В этих реформах психоаналитического образования, тренинга и сеттинга мы опирались на «Меморандум о реформе психоаналитического образования» (Г. Томэ, Х. Кэхеле, 2000) и на постоянно растущий авторитет Европейской Конфедерации Психоаналитической Психотерапии, которая последовательно внедряет обозначенные выше принципы, прежде всего, в Восточной Европе, где формируется новый центр развития современного психоанализа. 

Приведем один из главных аргументов, подтверждающих этот тезис. В то время как наши западные коллеги на протяжении последних десятилетий постоянно сетуют на существенное старение состава своих ассоциаций и снижение числа кандидатов в их институтах и обществах, количество членов ЕКПП за первые 10 лет деятельности этой международной организации увеличилось в 50 раз при среднем возрасте членов ЕКПП – 37 лет. 




1 Не могу не процитировать здесь нашего выдающегося коллегу Хорста Кэхеле: «…Кто может называться психоаналитиком? Имеет ли Международная Психоаналитическая Ассоциация (IPA) право единолично определять, кто должен называться психоаналитиком? Являются ли психоаналитики разных стран, к примеру, из Германии, Италии, Великобритании, не являющиеся членами IPA, специалистами какого-то другого рода? Можно ли предположить, что Российская и Китайская Ассоциации Психоанализа с их новоиспеченными членами не являются (пока) психоаналитическими? (Статья «Психоанализ и психотерапия», 2012).   

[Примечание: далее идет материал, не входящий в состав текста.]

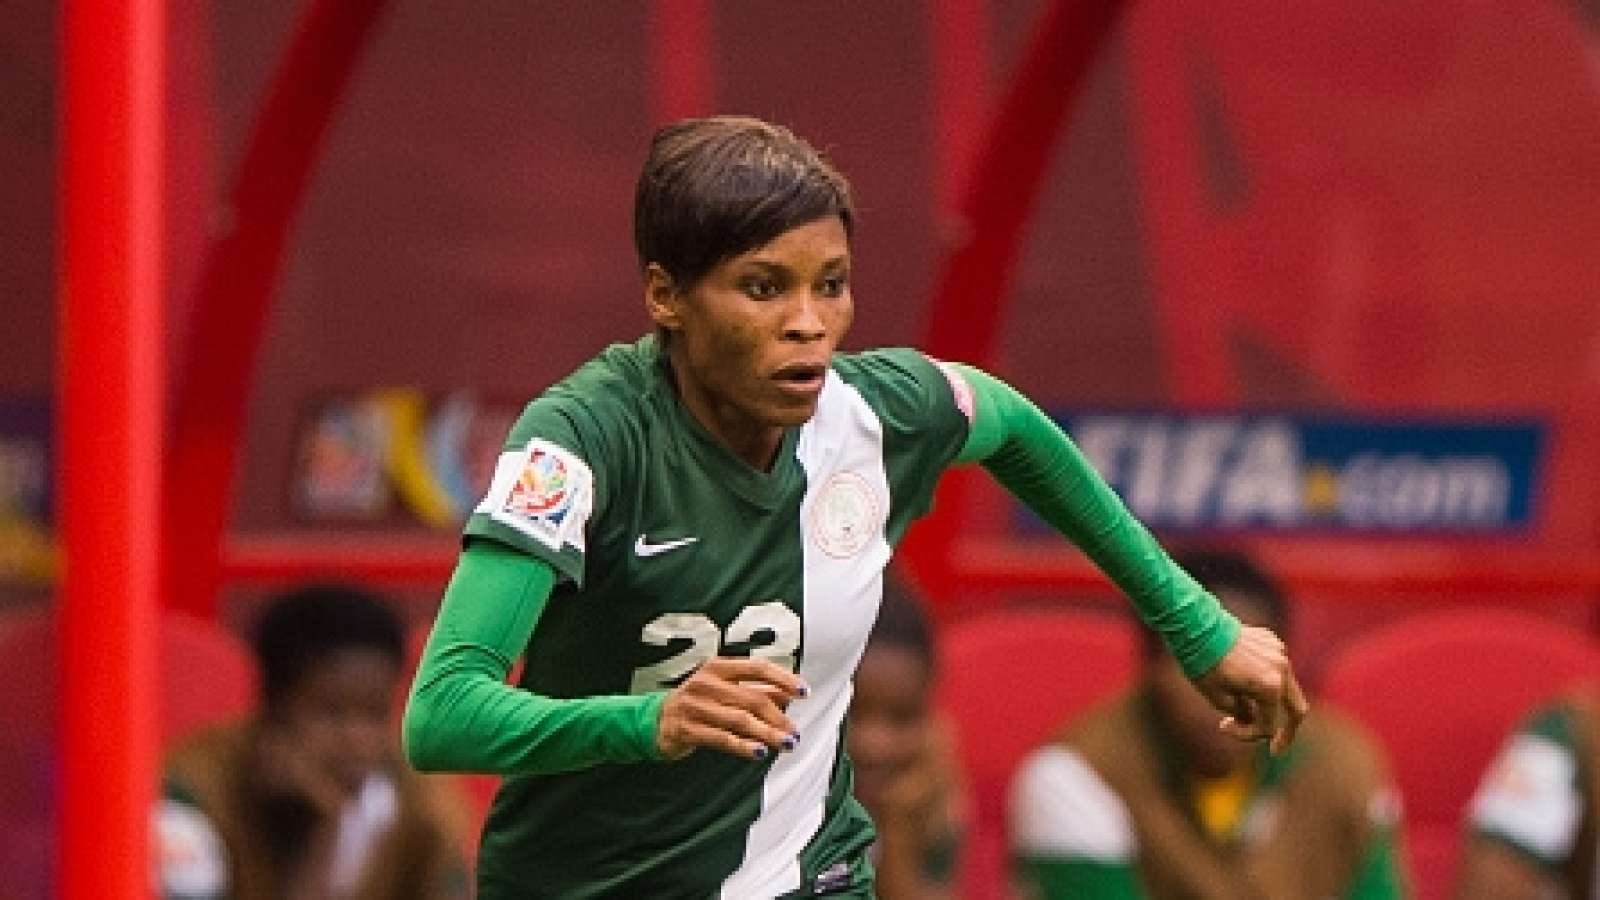 Super Falcons star Ngozi Ebere joins Norwegian club Arna Bjomar
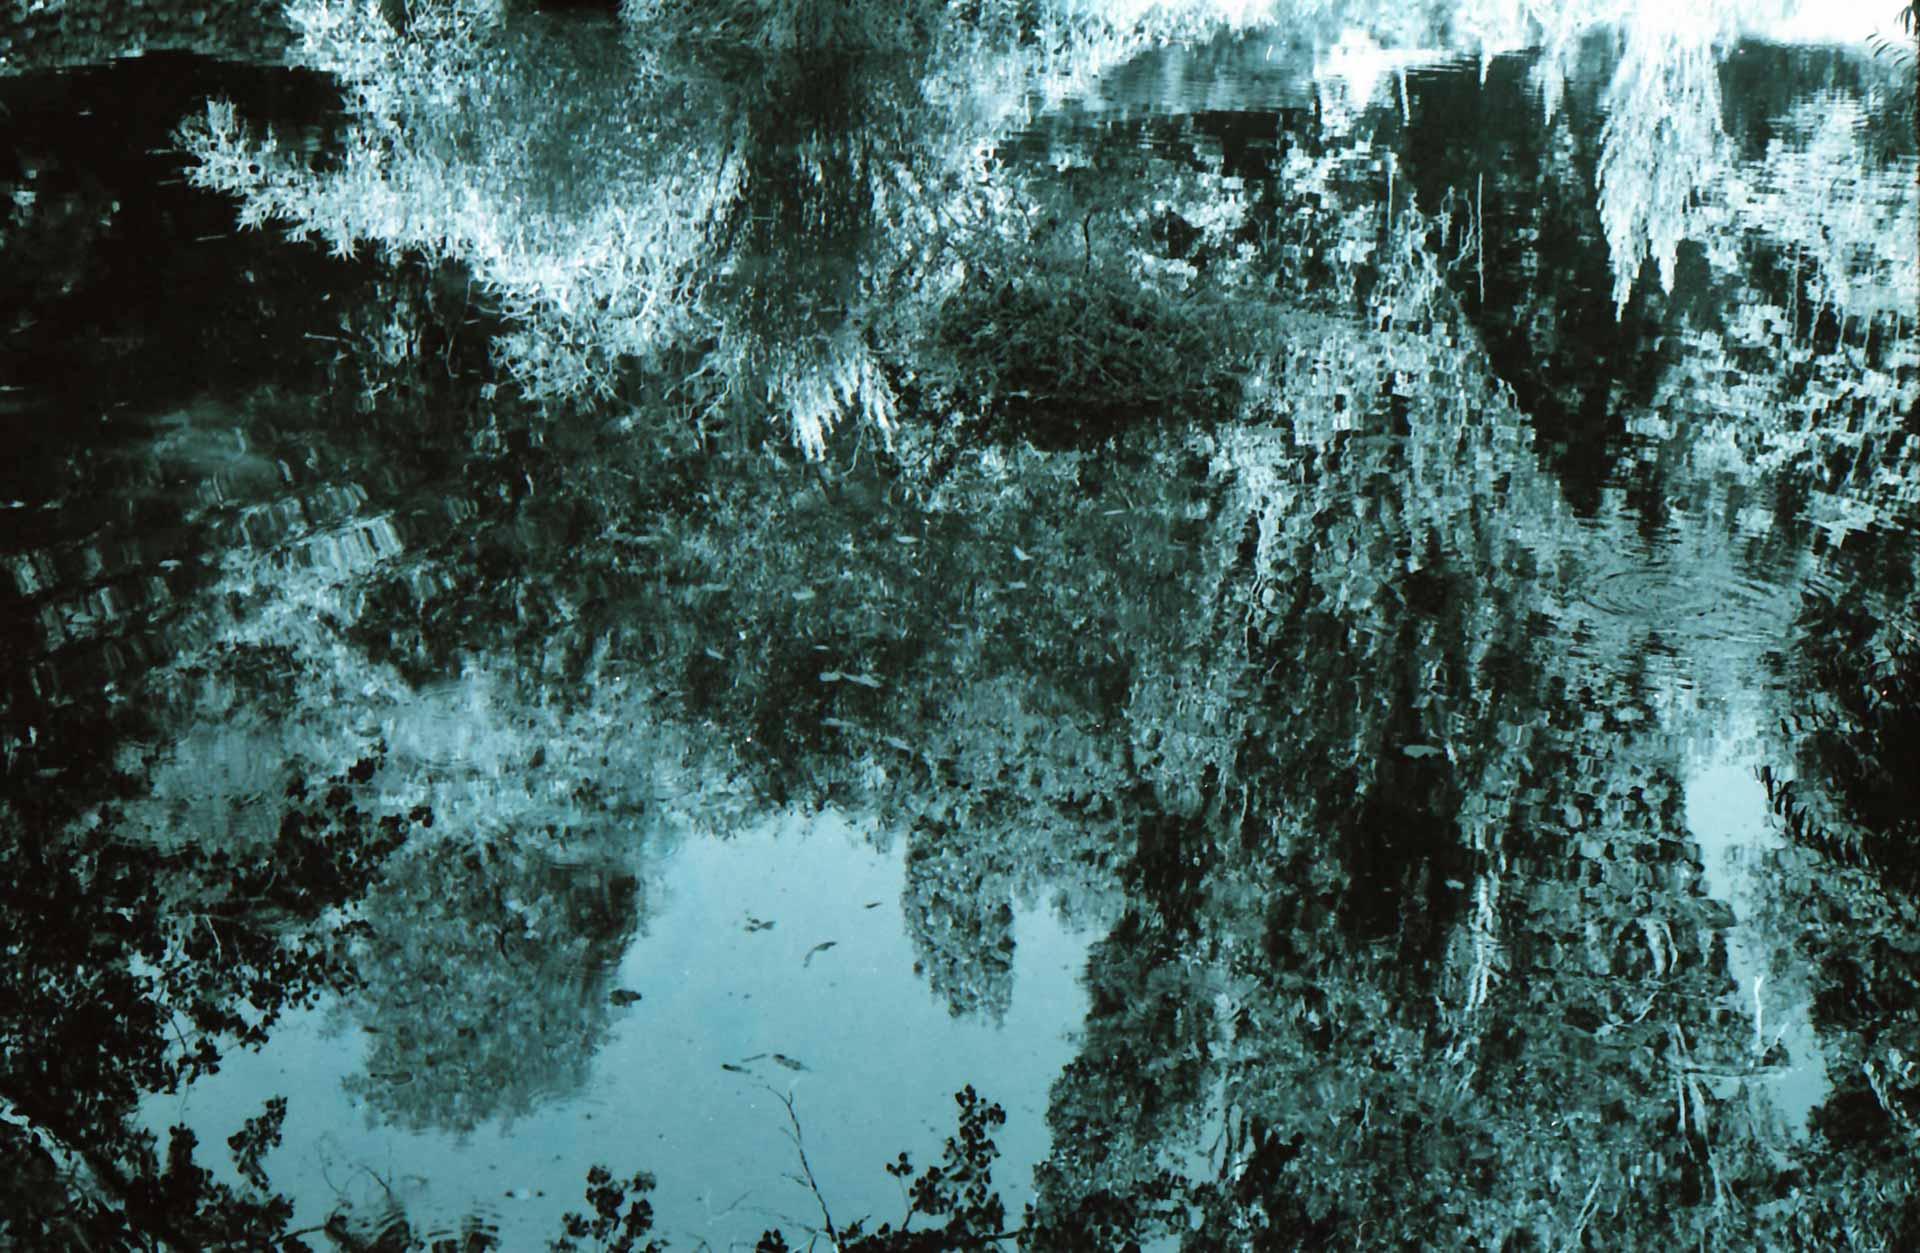 Natural equivalences n°2- San Leonardo de Siete Fuentes 2005

2 Но это вовсе не значит, что нами отрицаются успехи психофармакологии. В ряде случаев, прежде чем начинать работать с психической травмой, также как и с любой физической, например, с переломом костей, ее надо вначале обезболить. К сожалению, приверженцы психофармакологической терапии нередко на этом обезболивании и останавливаются, надеясь, что как-нибудь «срастется» само собой. Бывает, что и срастается вполне нормально (на фоне обезболивания), а бывает, что и кое-как... Поэтому мы всегда выступаем против необоснованного, изолированного и бесконтрольного применения фармакотерапии (т.е. без постоянного контакта психотерапевта с пациентом и внимательного отслеживания его реакций и фармакологического эффекта в целом).

3 В некоторых странах, например в частных клиниках Японии, как мне сообщил один из западных коллег, начался даже более радикальный процесс – полного отказа от DSM с постепенным формированием психологической классификации психических расстройств. В рамках этого подхода шизофрения обозначается как «синдром дисрегуляции интегративных процессов»; деменция – как «большое когнитивное расстройство»; бред – как «неразделяемые дисфункциональные идеи». По мнению японских коллег, такой подход способствует снижению стигматизации пациентов и создает у них более адекватные представления об их состоянии и установленном диагнозе. Кроме того, это позволяет перейти от «патерналистской модели» психиатрии к модели, получившей наименование «информированного согласия» (в последнем случае, имеется в виду – согласие пациентов и с диагнозом, и с назначаемой терапией).